Statistics and figure preparation

Data analysis and generation of histograms were performed using GraphPad Prism Version 6.01 for Windows (GraphPad Software). Results are expressed as mean ± s.e.m. Statistical significance was determined by different tests appropriate for each dataset: for comparing the means of two groups, unpaired two-tailed Student’s t test; for comparing the means of three or more groups, a one-way ANOVA with Tukey’s post hoc tests; for correlation studies, a Pearson product-moment correlation; for comparing food or fluid intake over time, a repeated measures two-way ANOVA with Sidak’s post hoc tests, unless otherwise noted. Three-way mixed design ANOVAs were performed using IBM SPSS Statistics for Windows v.20 (IBM). If Mauchly’s test of sphericity was violated, a Greenhouse-Geisser correction was applied; if significant interaction was determined, a simple two-way interaction was performed with statistical significance accepted at a Bonferroni-adjusted α level of 0.025. We also tested for equality of variance (Brown-Forsythe test for one-way ANOVAs; or Levene’s test of equality of variances). Data distribution was assumed to be normal, but this was not formally tested. ****P < 0.0001; ***P < 0.001; **P < 0.01; *P < 0.05. Calcium fluorescence data were analyzed using OriginPro v.2016 (OriginLab).
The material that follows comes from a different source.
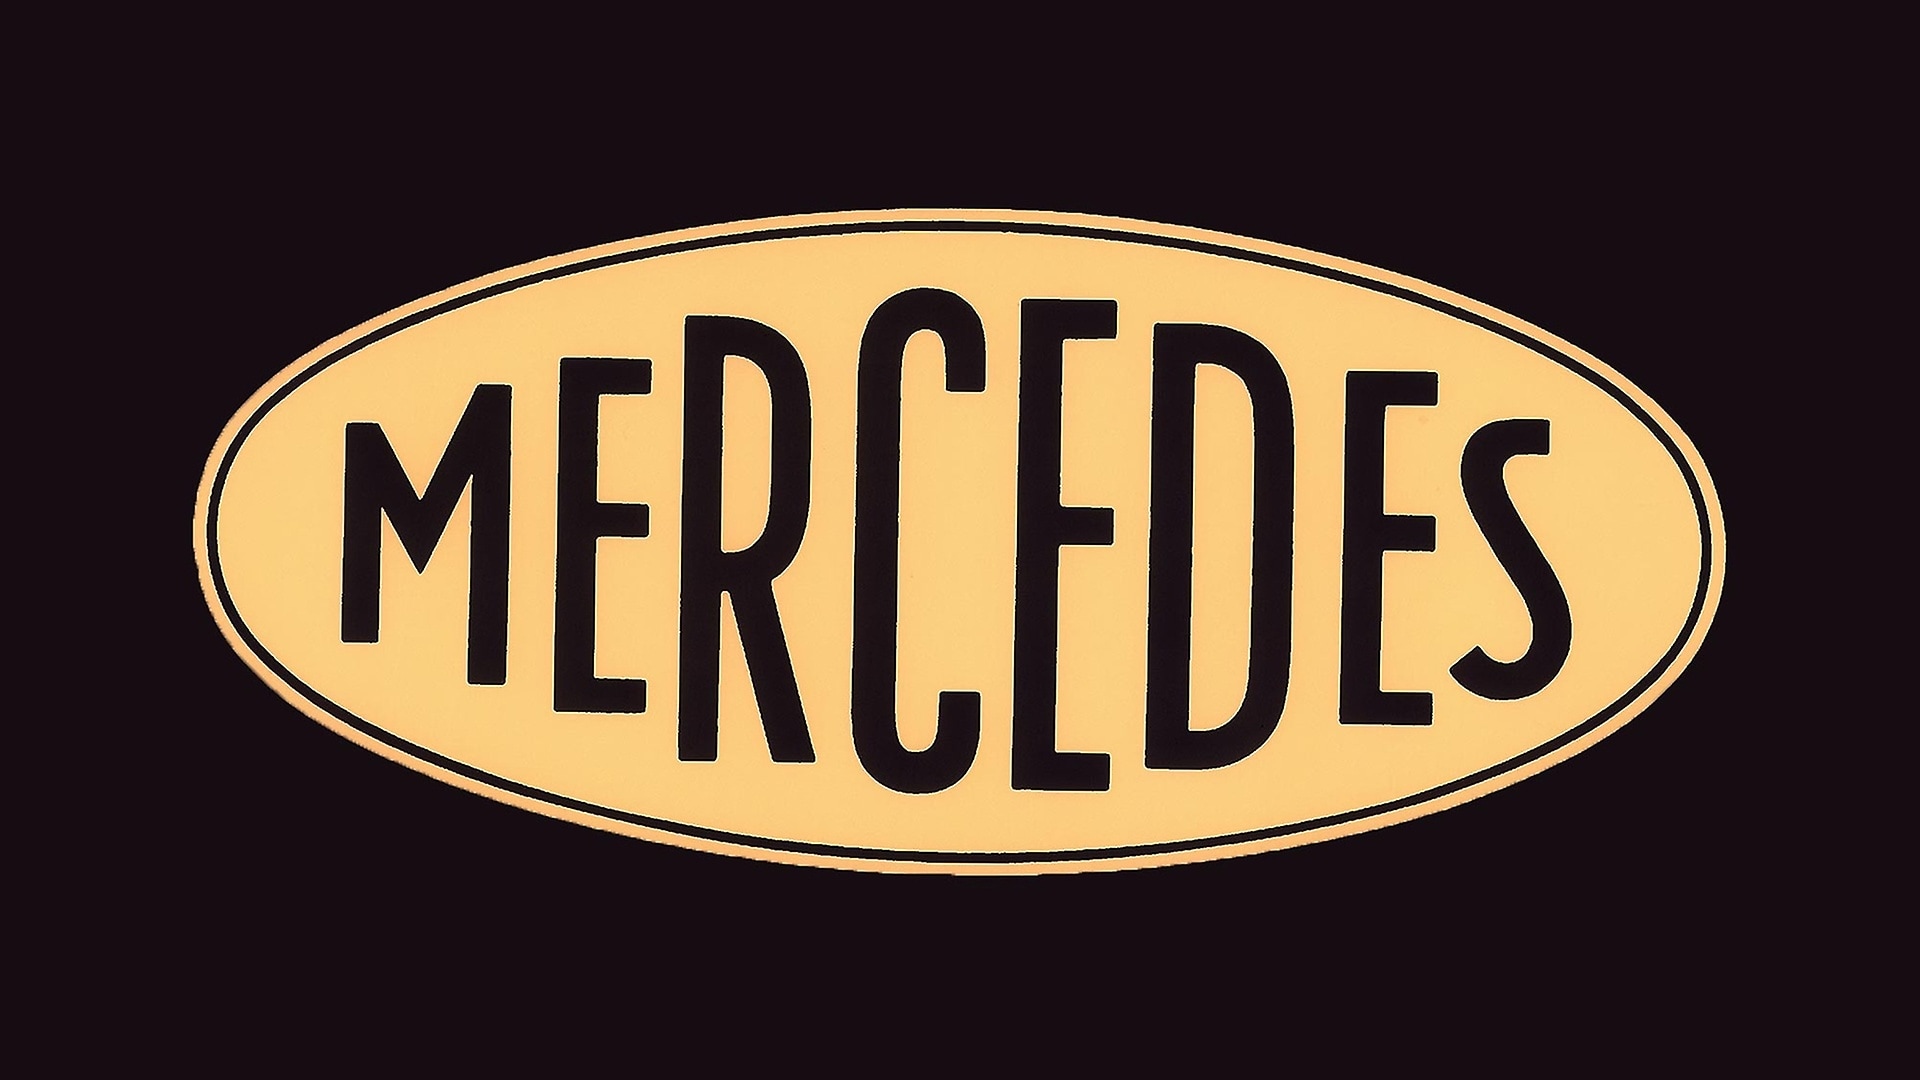 The "Mercedes" trademark (Daimler-Motoren-Gesellschaft) was registered on September 23, 1902.

A power analysis was performed for an effective sample size using http://powerandsamplesize.com. Based on a pilot study for fluid deprivation, we used a mean of 1.8 and s.d. of 0.4. Assuming a significance level of 0.05 and power of 0.8, we calculated a sample size of 7 per group if means were 1.5-fold different with a two-tailed Student’s t test. Data and figures were exported into Adobe Illustrator CS6 (Adobe Systems) to prepare figures. Images of sagittal mouse brain were taken from the Motifolio toolkit.

Supplementary statistical analyses and methods checklist are provided in Supplementary Table 2 and the Life Sciences Reporting Summary.

Life Sciences Reporting Summary

Further information on experimental design and reagents is available in the Life Sciences Reporting Summary.

Code availability

No code was written by authors.

Data availability

The data that support the findings of this study are available from the corresponding author upon reasonable request.